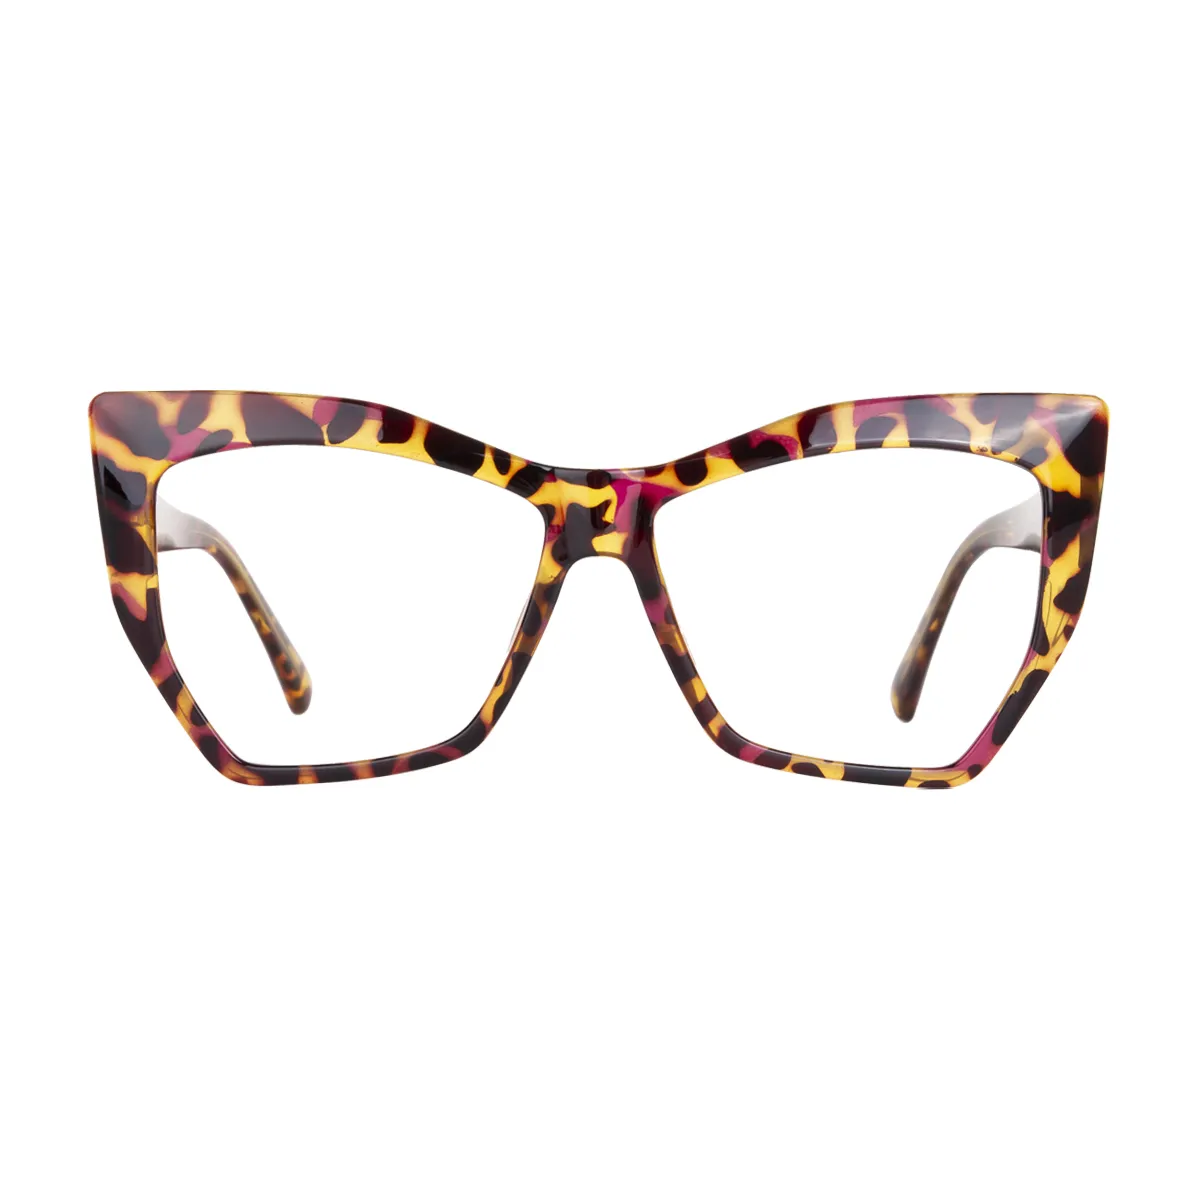 Lora - Cat-Eye Tortoiseshell Glasses for Women
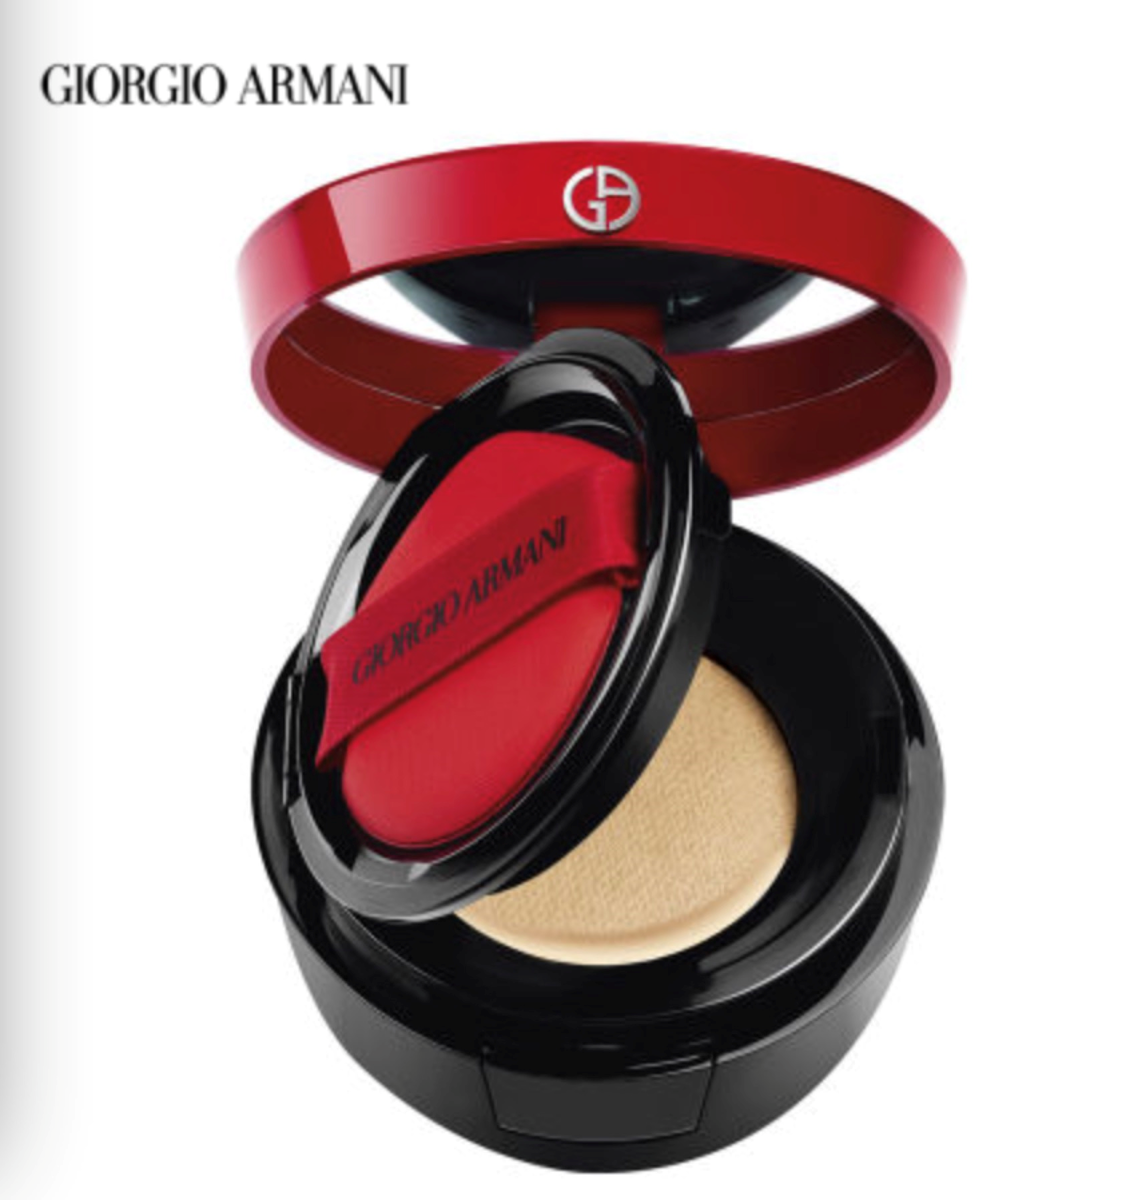 giorgio armani beauty online
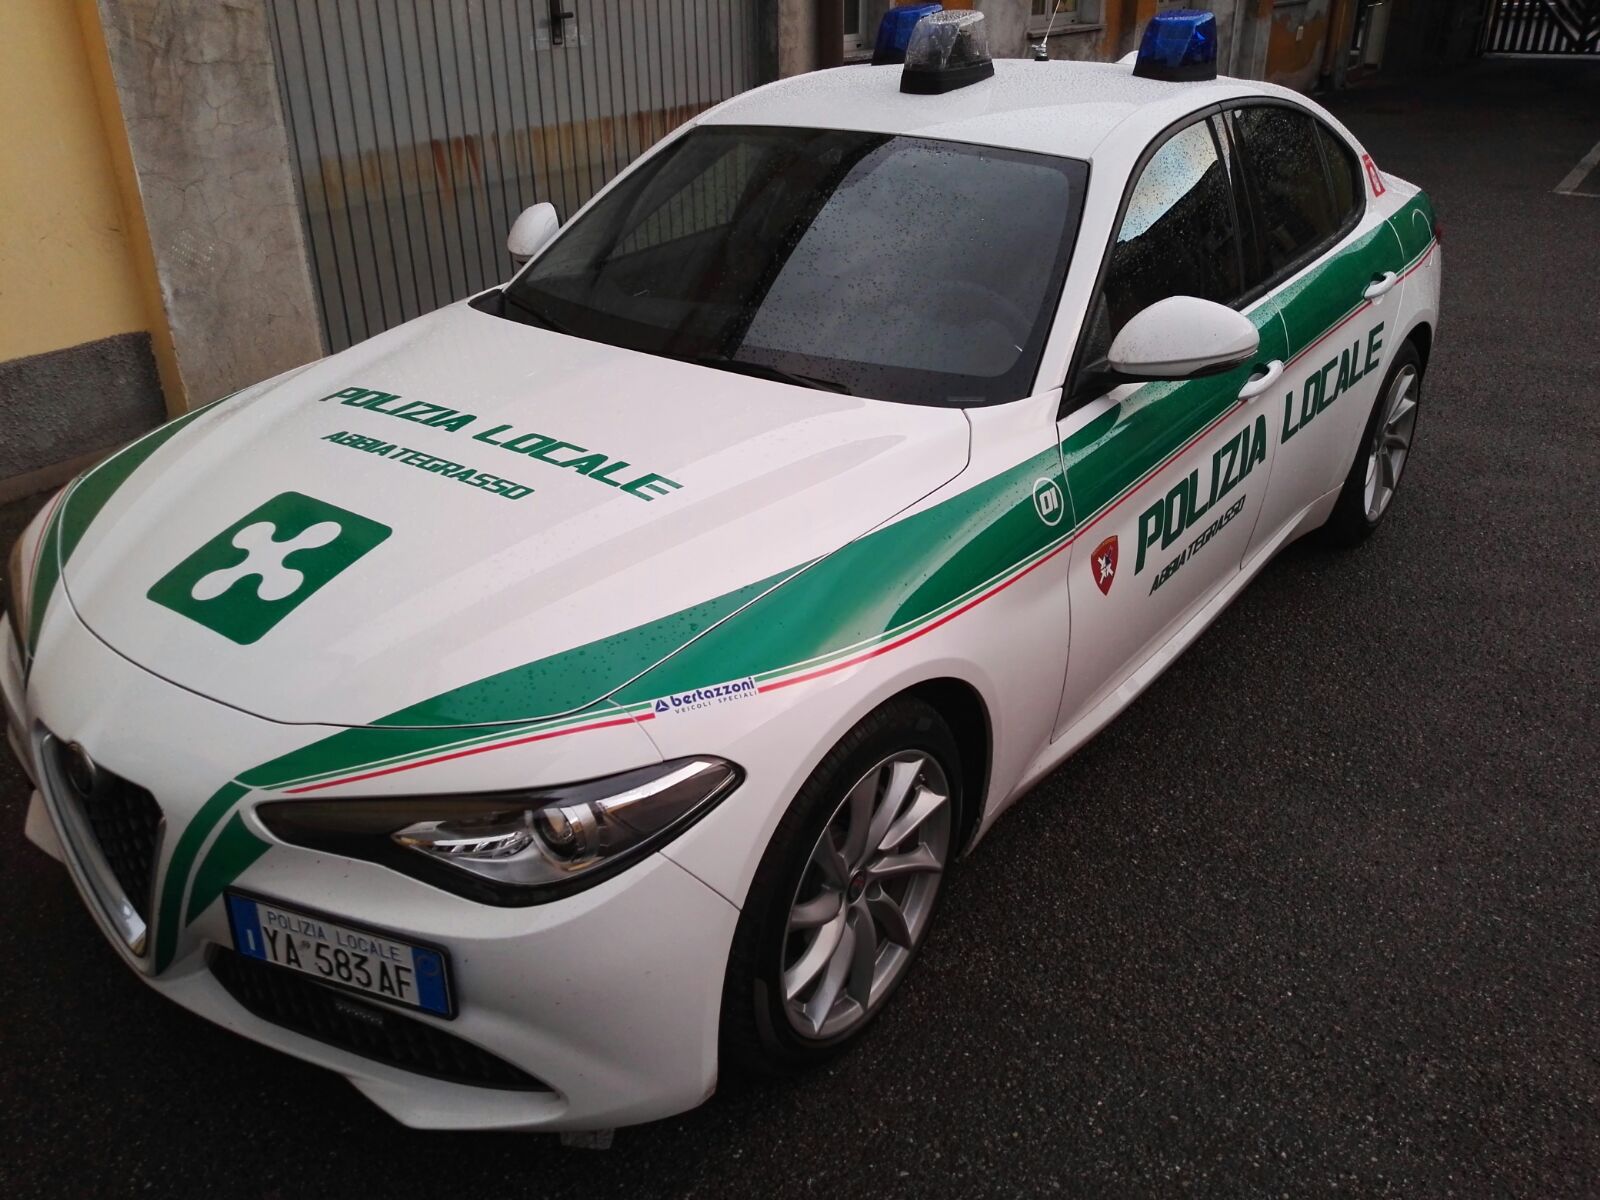 Polizia Locale reparto trasporto organi: Abbiategrasso crea il primo servizio in Italia su Alfa Romeo Giulia | Emergency Live 23
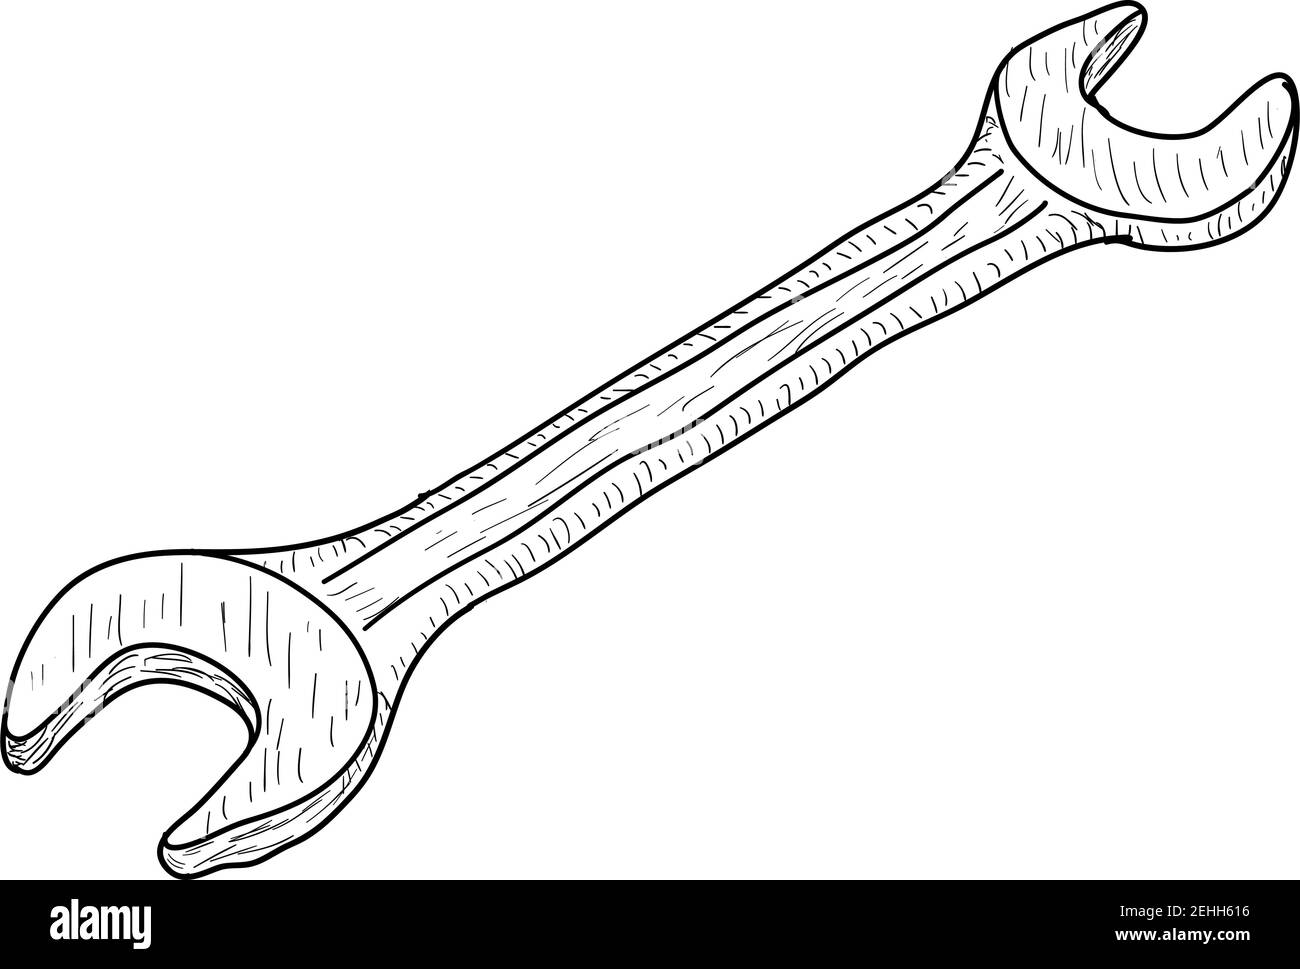 Skizze Silhouette Hand Werkzeug Gabelschlüssel auf weißem Hintergrund  Stock-Vektorgrafik - Alamy

-- -- --

** What you should do **
Leaving the pictures out, transcribe word for word the lines from the one with "giorgio armani beauty online" to the end of the material above, inclusive, and nothing else.

** Answer section **
 giorgio armani beauty online
 Polizia Locale reparto trasporto organi: Abbiategrasso crea il primo servizio in Italia su Alfa Romeo Giulia | Emergency Live 23
 Skizze Silhouette Hand Werkzeug Gabelschlüssel auf weißem Hintergrund  Stock-Vektorgrafik - Alamy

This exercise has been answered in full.